Why We Fine-Tuned DeBERTa-base and Not XLM-R for German PII

The problem

The retrieval layer for the GDPR-compliant RAG platform I was building at SAP Labs India handed a stream of German legal chunks to a PII redaction step before anything hit the generator. Bundesdatenschutzgesetz — Germany's federal data protection law — has opinions about what counts as personal data that are broader than GDPR's minimum, and stricter about the specific national identifier classes. Sozialversicherungsnummer, Steueridentifikationsnummer, Krankenversicherungskarte-Nummer, Personalausweisnummer. A miss on any of those was not a metric regression, it was a compliance incident.
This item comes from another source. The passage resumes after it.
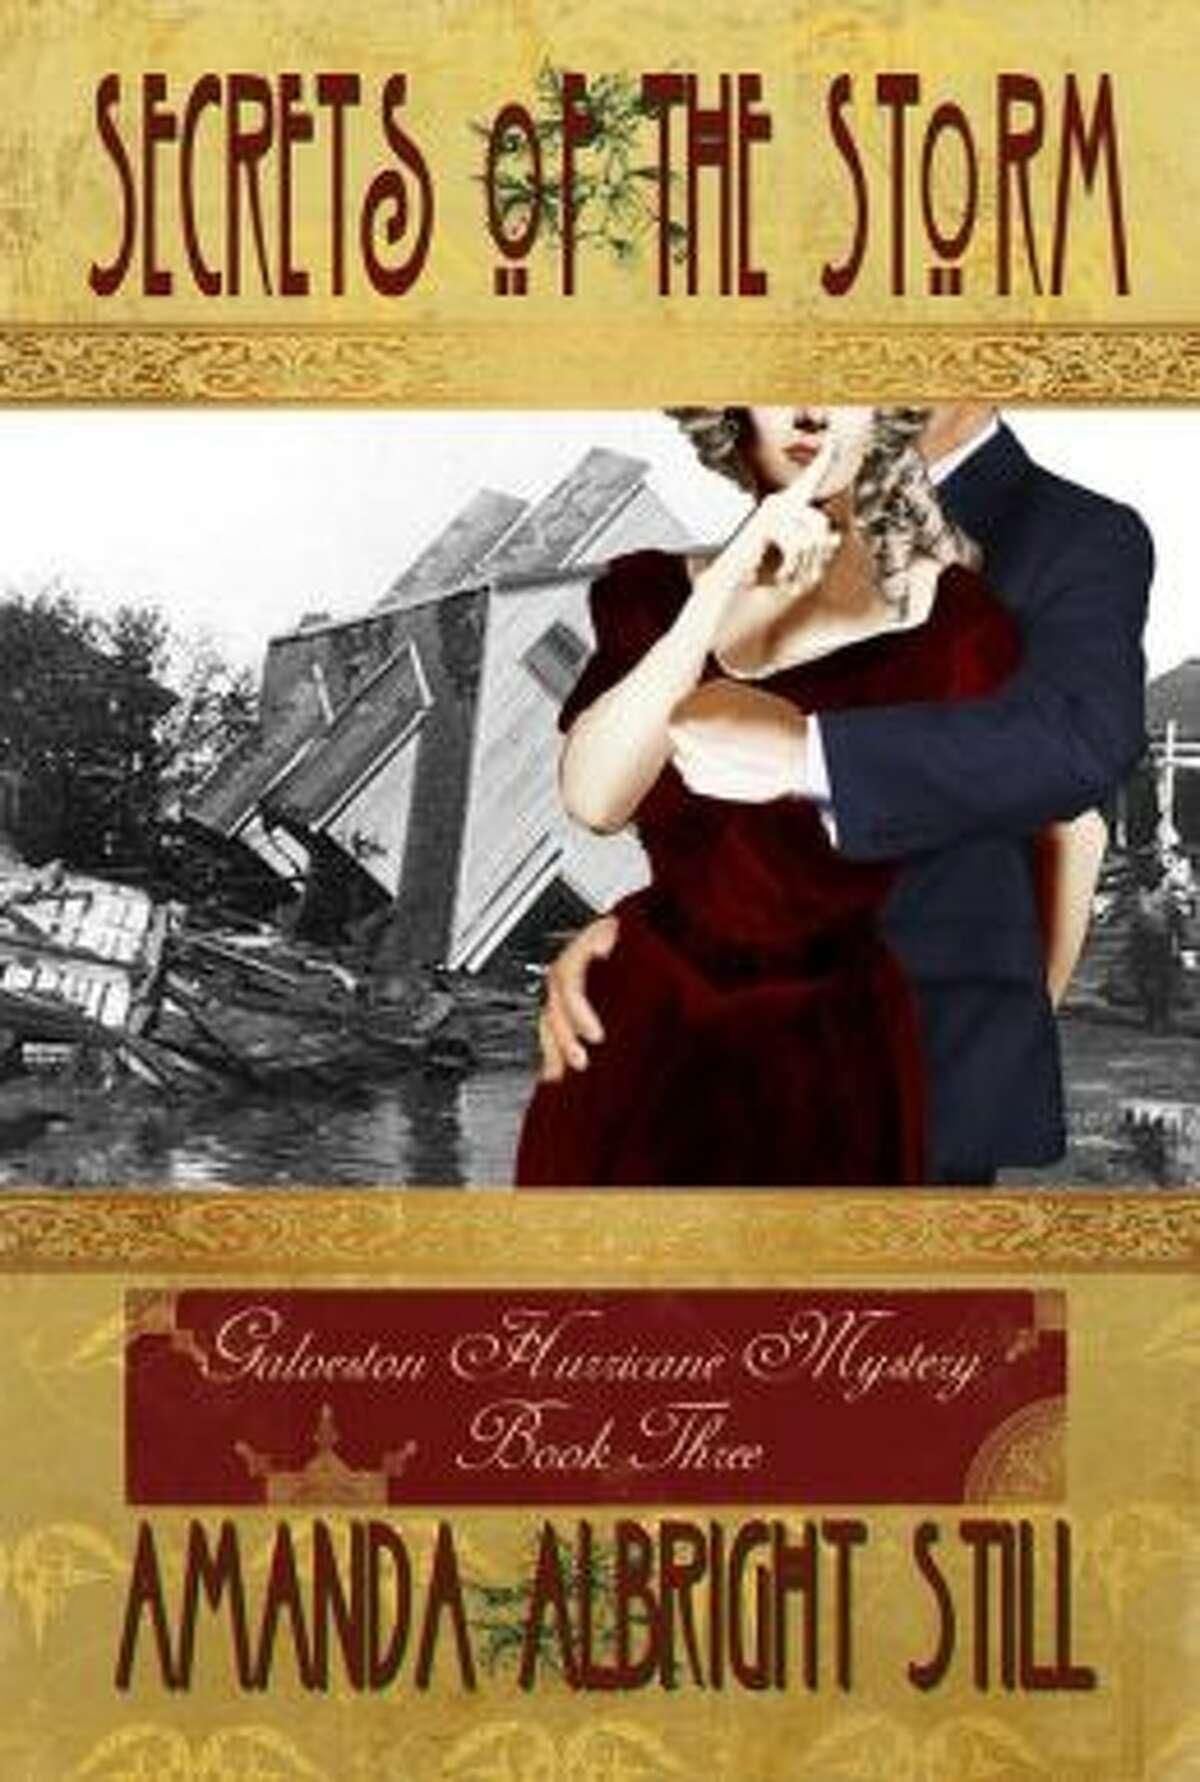 """Secrets of the Storm"" by Amanda Albright Still"

The corpus for fine-tuning was in the 300k-500k German document range, annotated over several weeks with a mix of rule-based seed labels and human review. I needed a model that would sit inline in a retrieval-time pipeline — not batch, not overnight — and hit a recall bar high enough that the residual false-negative rate was defensible in a Datenschutz-Folgenabschätzung.

The obvious answer was the multilingual one.


The naive first approach

XLM-R. Facebook's XLM-RoBERTa was the default recommendation for anything cross-lingual in 2024, and every "European multilingual PII" thread on Hugging Face pointed at either XLM-R-base or its larger sibling. The reasoning was tidy: it was pre-trained on 2.5TB of CommonCrawl across 100 languages including a huge German slice, its tokenizer had seen German morphology in the wild, and — most importantly for a regulated pipeline — the "one model, many languages" story was operationally simple. One artifact to ship, one artifact to monitor, one artifact to re-certify when the compliance team asked.
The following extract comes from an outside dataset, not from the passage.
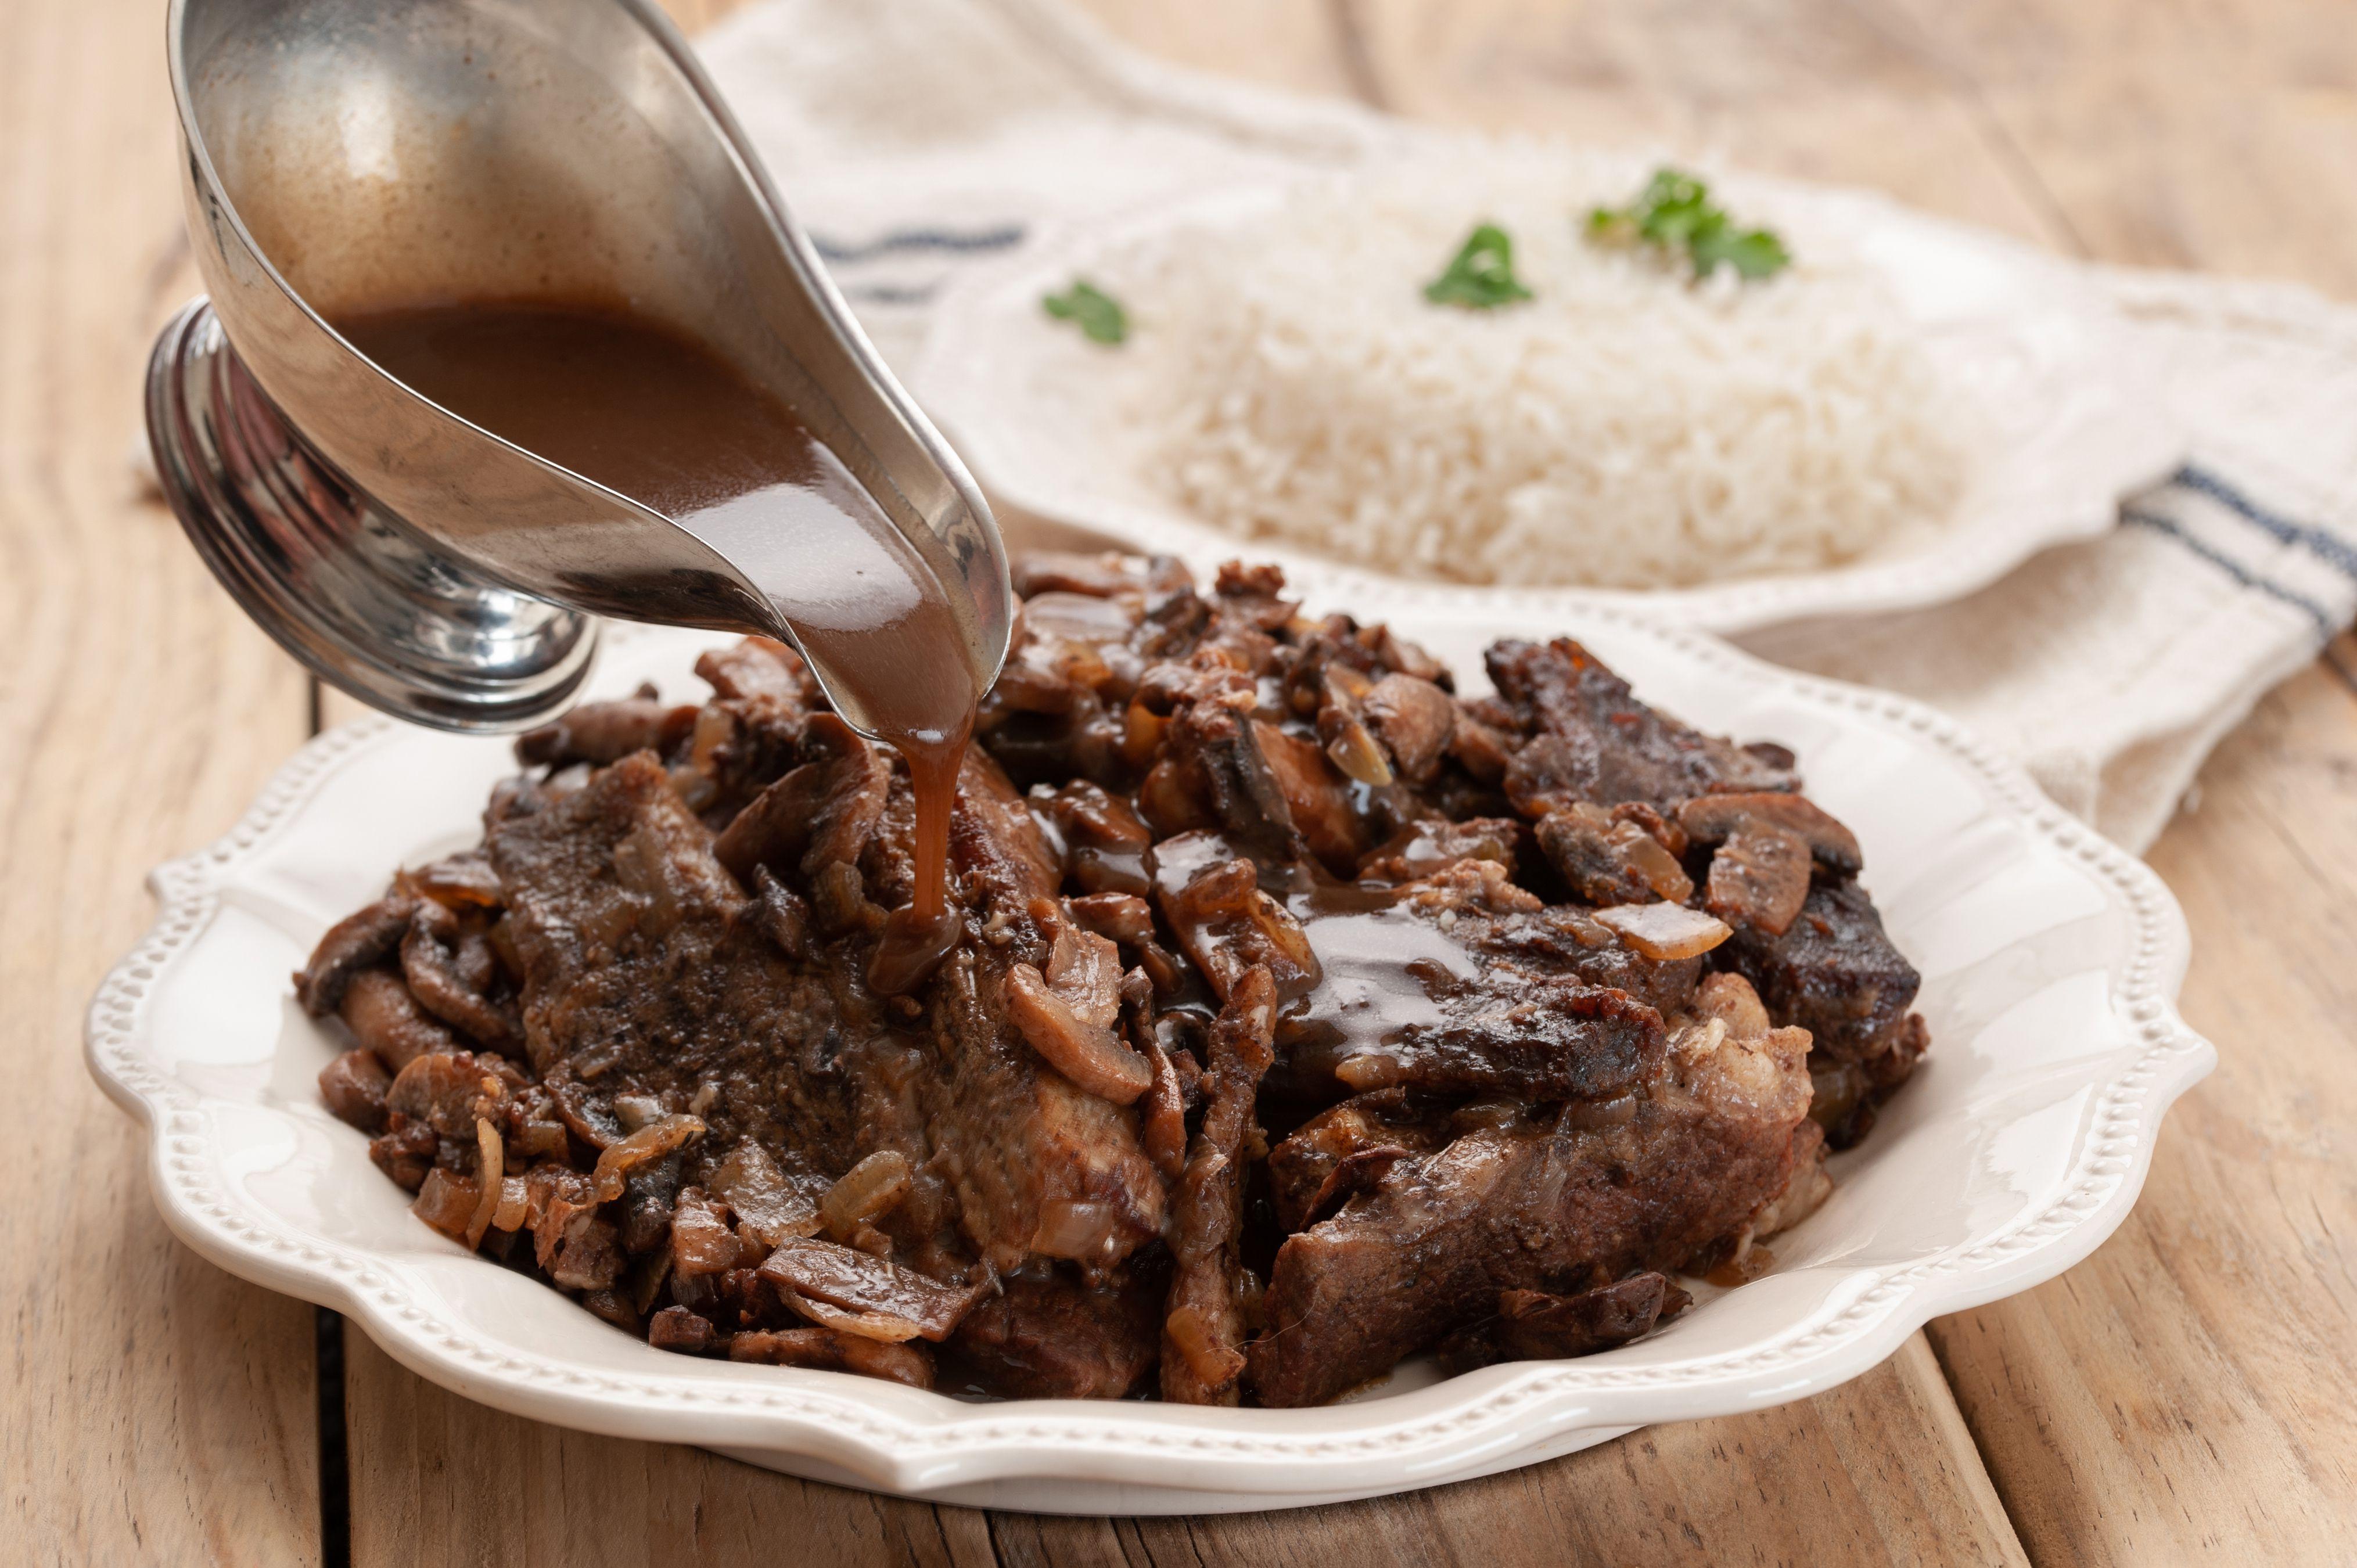 Serve short ribs with gravy

So I fine-tuned XLM-R-base on the annotated German corpus with a standard token-classification head. IOB2 tagging over ten entity classes. Cross-entropy, class weights to handle the imbalance between O tokens and everything else, AdamW, the usual warmup schedule. Nothing exotic.

The baseline numbers were fine on paper. They were not fine in the failure modes.

Two things showed up on the German-specific eval set that I couldn't wave away.

First, the model consistently under-recalled on the compound-noun identifier classes. Sozialversicherungsnummer would sometimes be tagged correctly. Krankenversicherungskarte-Nummer, which is a genuine German compound plus a hyphenated qualifier, was tagged as three separate spans about a third of the time — and each of those partial spans then triggered a downstream re-alignment bug in the redactor. The model wasn't wrong about "there is PII here." It was wrong about where the PII ended.

Second, the boundary errors were not evenly distributed. They clustered on the words with the highest compliance stakes. Personal-identification compounds. Address compounds with -straße and -platz suffixes. Health-identifier compounds. The words that a Bundesdatenschutz auditor was most likely to check by hand were the words the model was least confident about.

I could patch the recall by dropping the confidence threshold and living with more false positives. But false positives in a redaction pipeline are not free either — over-redacting a public entity in a public document is a different kind of bug that ends up in front of the same product owner.


The decision

I moved to DeBERTa-base — the English-focused v3 checkpoint — and fine-tuned it as a monolingual German model. Same head, same loss, same training data.

That reads wrong on first pass. DeBERTa's pre-training corpus is English-dominated. Why would a model with less German exposure do better on German?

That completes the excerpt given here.